Select name from CUSTOMER where name="Alexander Felix";
UNION
Select number,type from ACCOUNT;
UNION
Select SUM(amount) from Transaction;
By using union the queries are separated in three tables that each query associated with a particular table.
In first, fetch name from CUSTOMER table where name is equals to Alexander Felix then number and type from ACCOUNT table and from account number and it's associated type and then SUM of AMOUNT has to be calculated from TRANSACTION table and all three queries are union with each other.

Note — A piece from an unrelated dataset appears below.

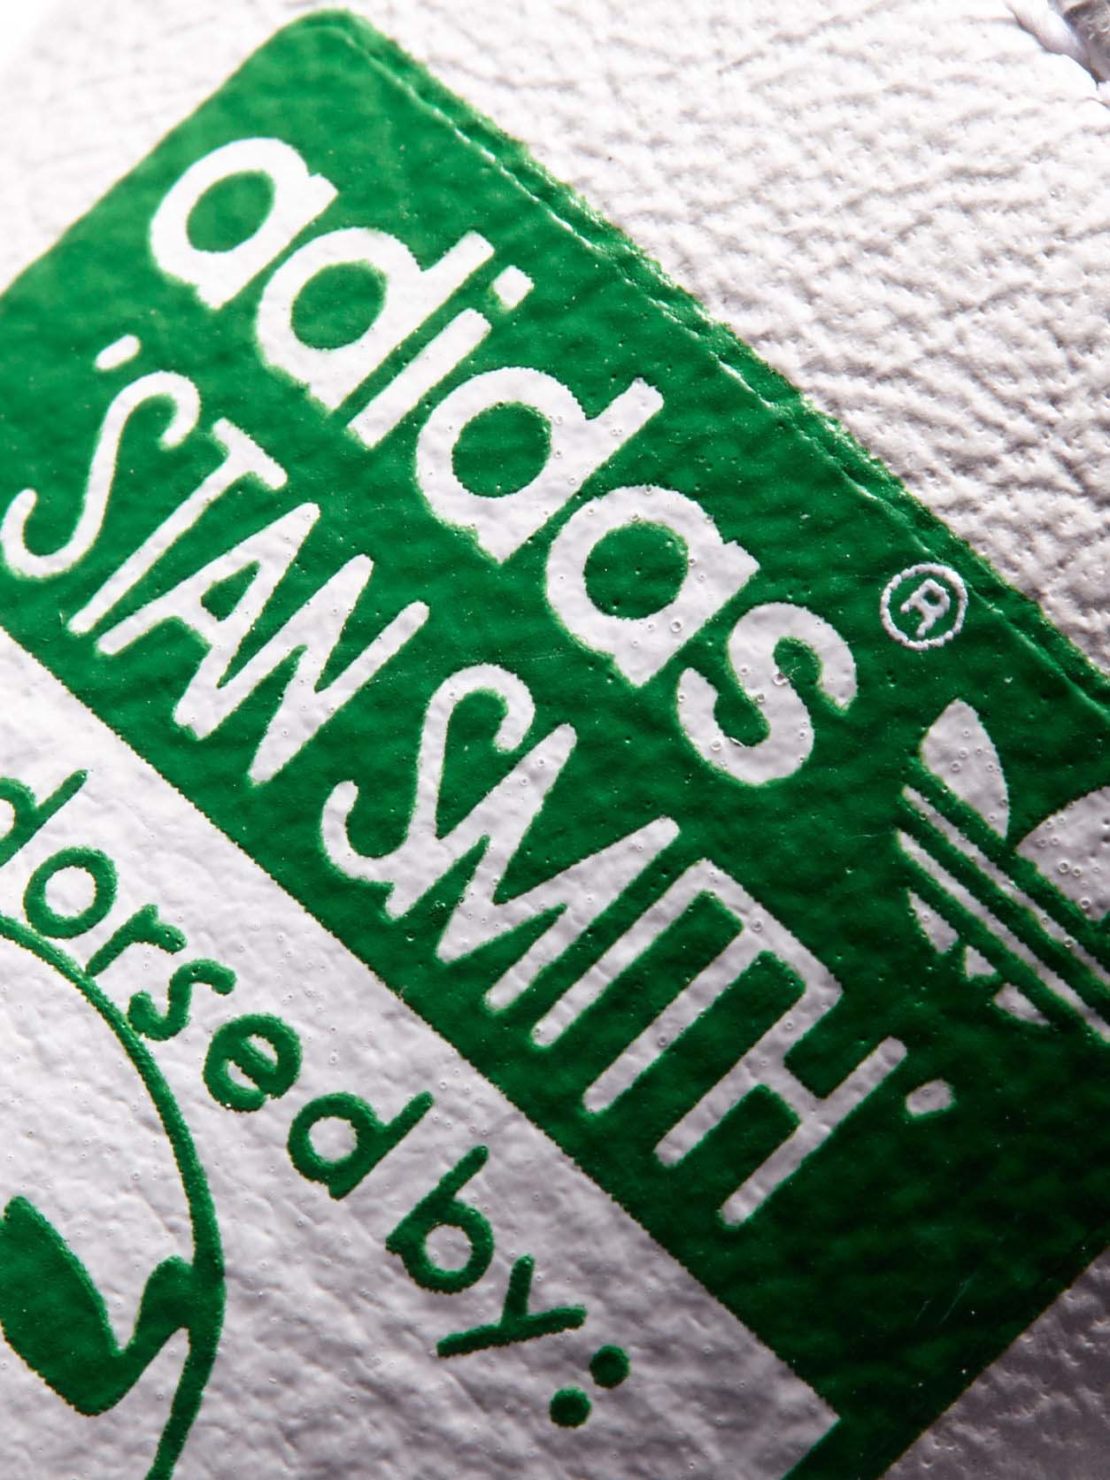 The tongue of the Adidas shoe bearing Smith's name

Ans.4) Select Customer.name from CUSTOMER LEFT JOIN ACCOUNT ON Account.owner_ssn=Customer.ssn LEFT JOIN TRANSACTION ON Account.number=Transaction.account_num where amount>=1000;
In order to fetch the CUSTOMER name having the total amount greater than $1000, LEFT OUTER JOIN is used in order to join 3 tables by their respective fields and primary key and foreign key with each other and by using where clause condition having greater than $1000.